==== Stored data

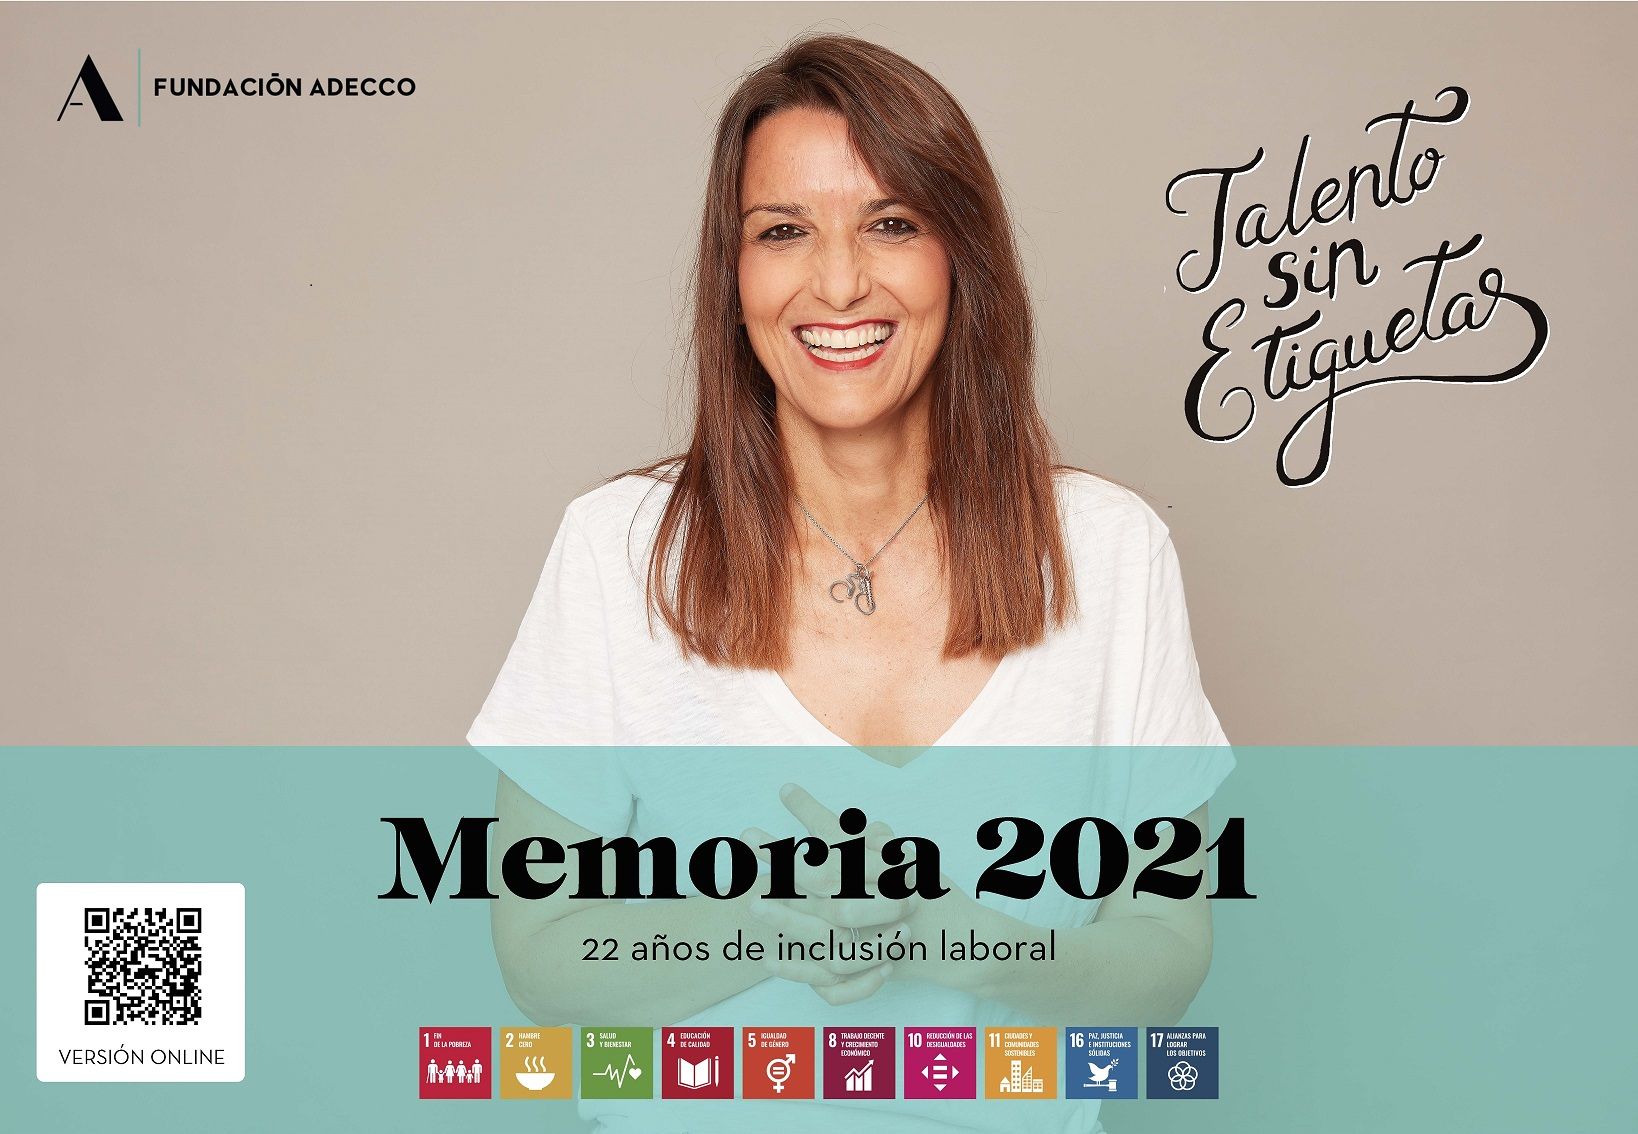 La Fundación Adecco presenta su Memoria de sostenibilidad 2021
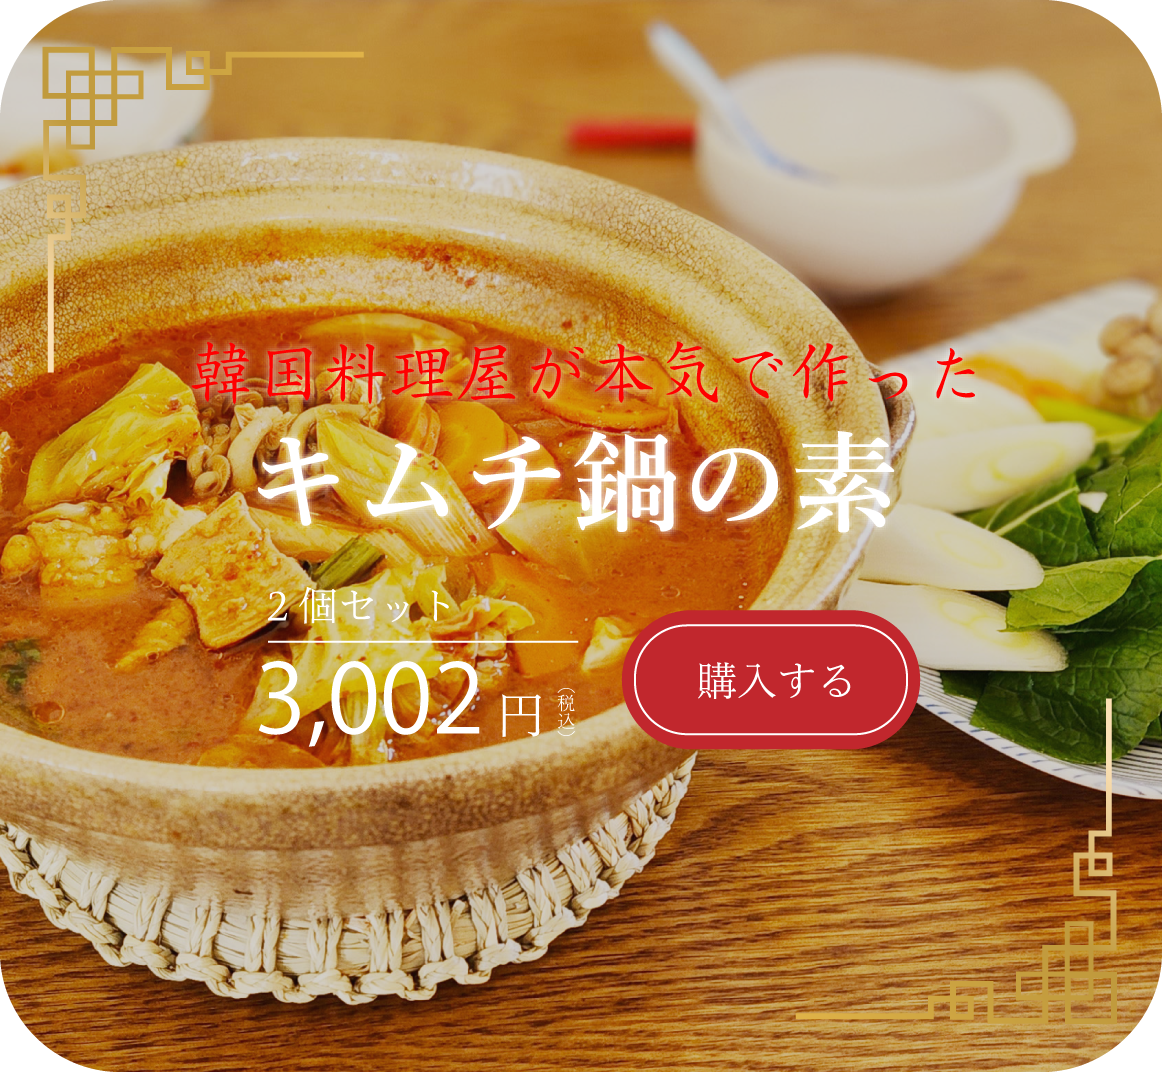 韓国料理屋が本気で作ったキムチ鍋の素2個セット3,002円(税込)
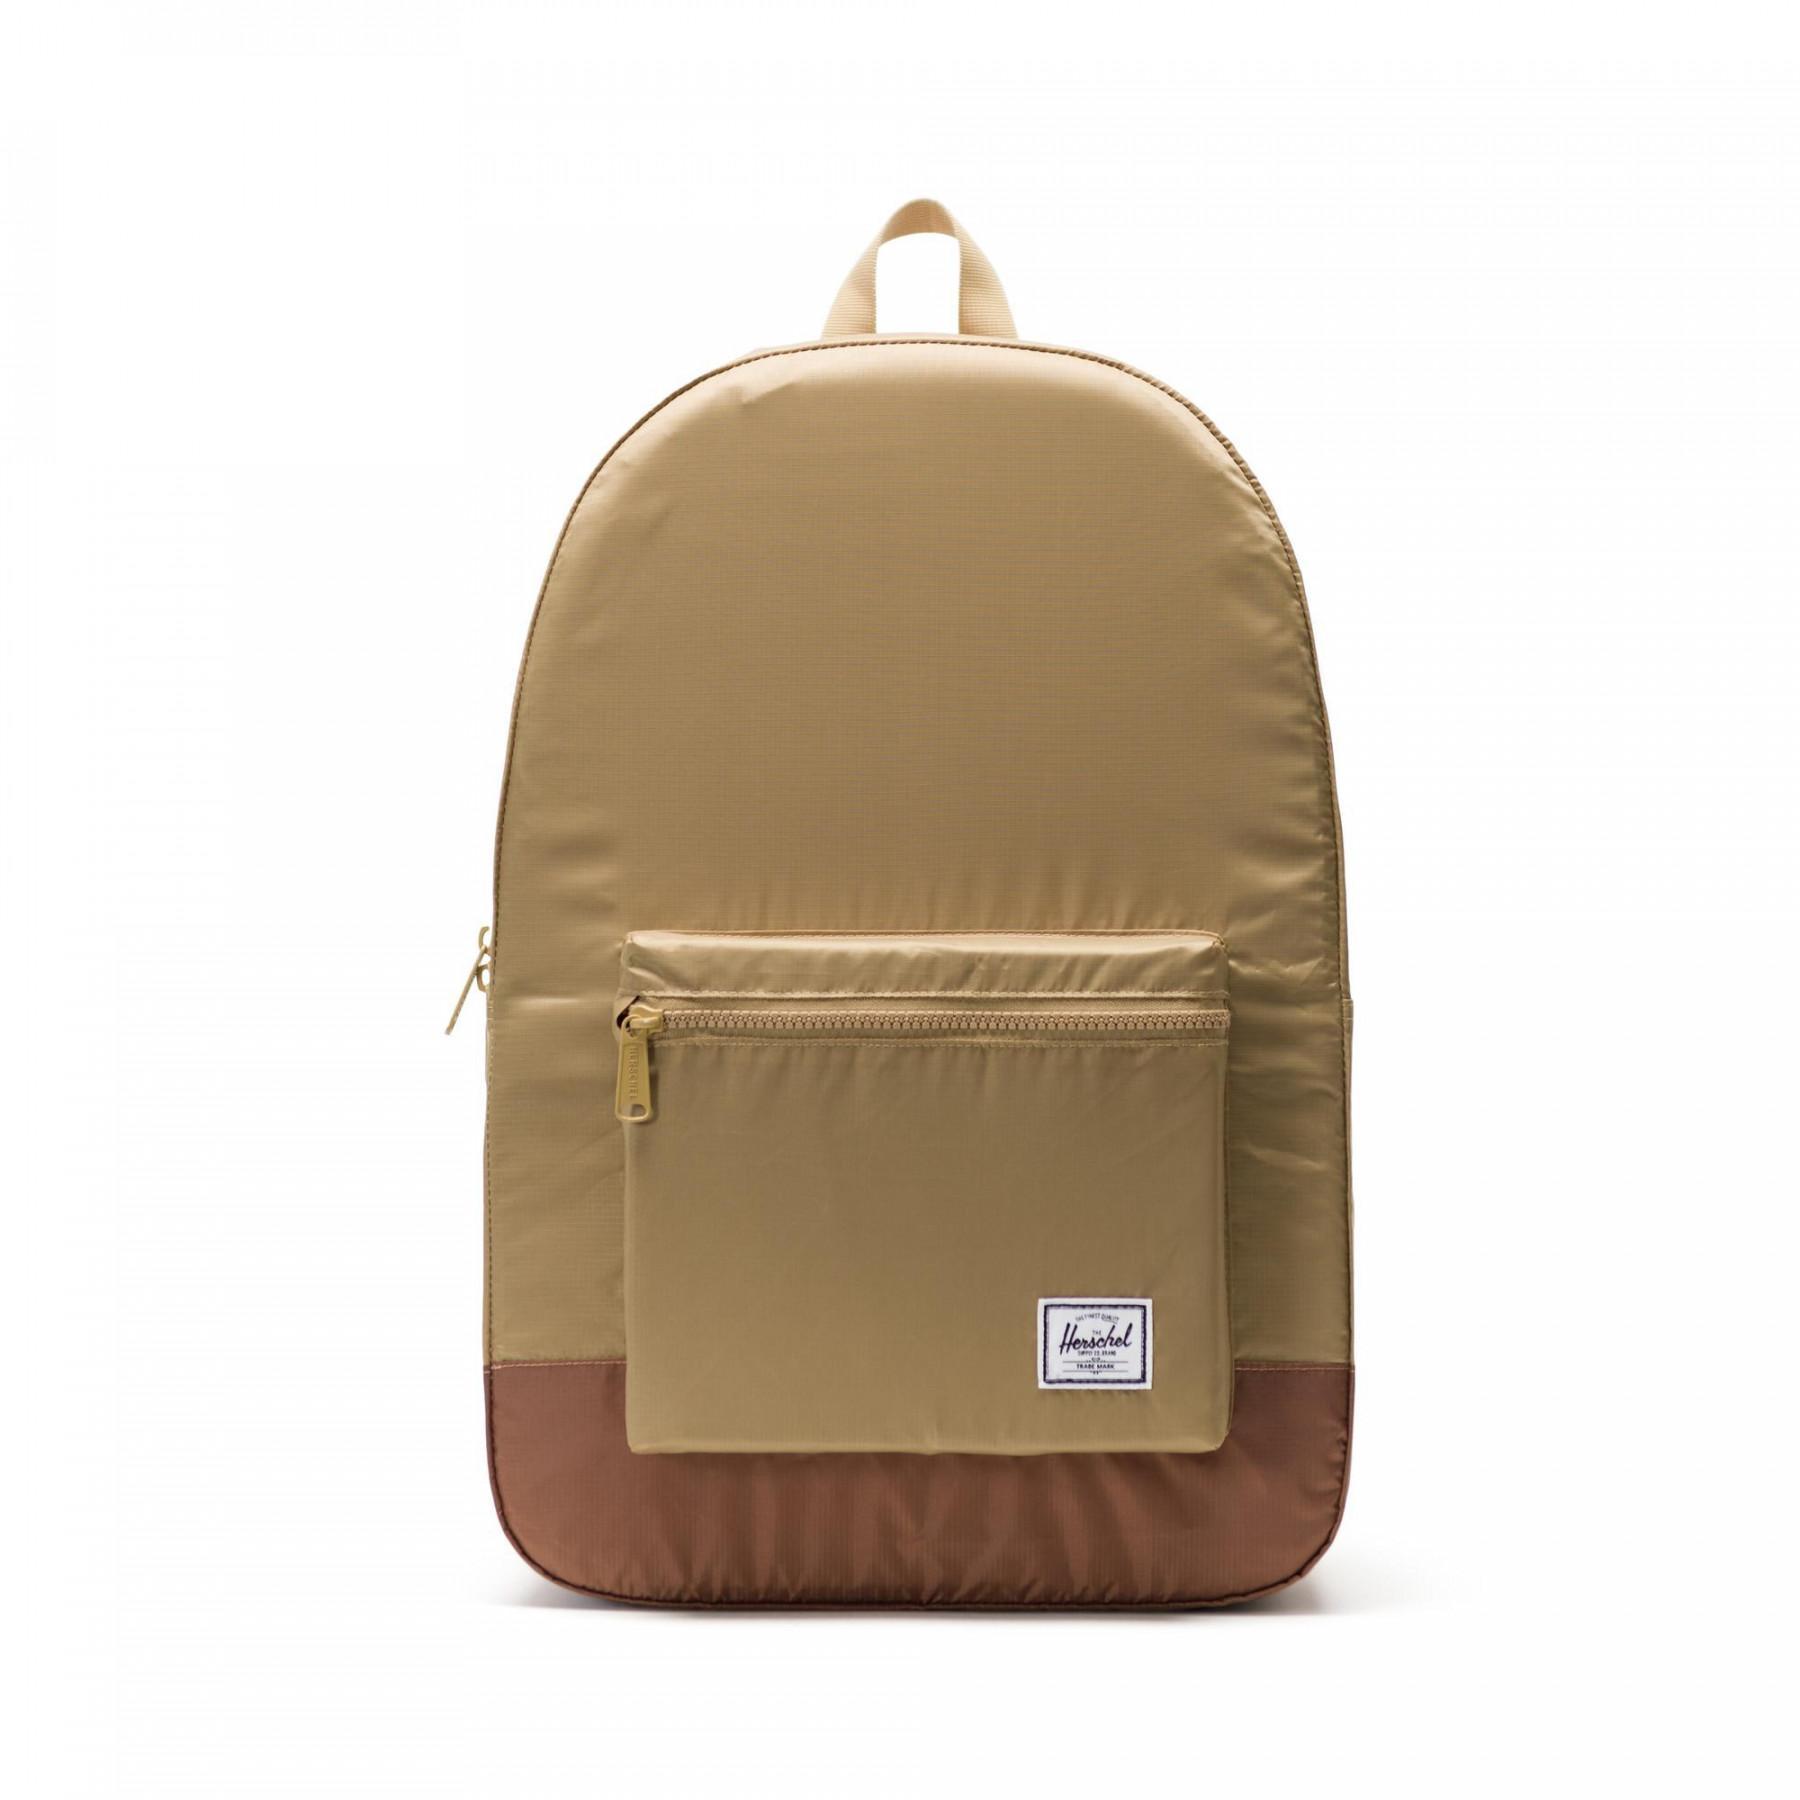 Backpack Herschel packable daypack

========

| Exercise |
Copy the listing above verbatim, leaving out pictures.

| Output of the task |
 La Fundación Adecco presenta su Memoria de sostenibilidad 2021
 韓国料理屋が本気で作ったキムチ鍋の素2個セット3,002円(税込)
 Backpack Herschel packable daypack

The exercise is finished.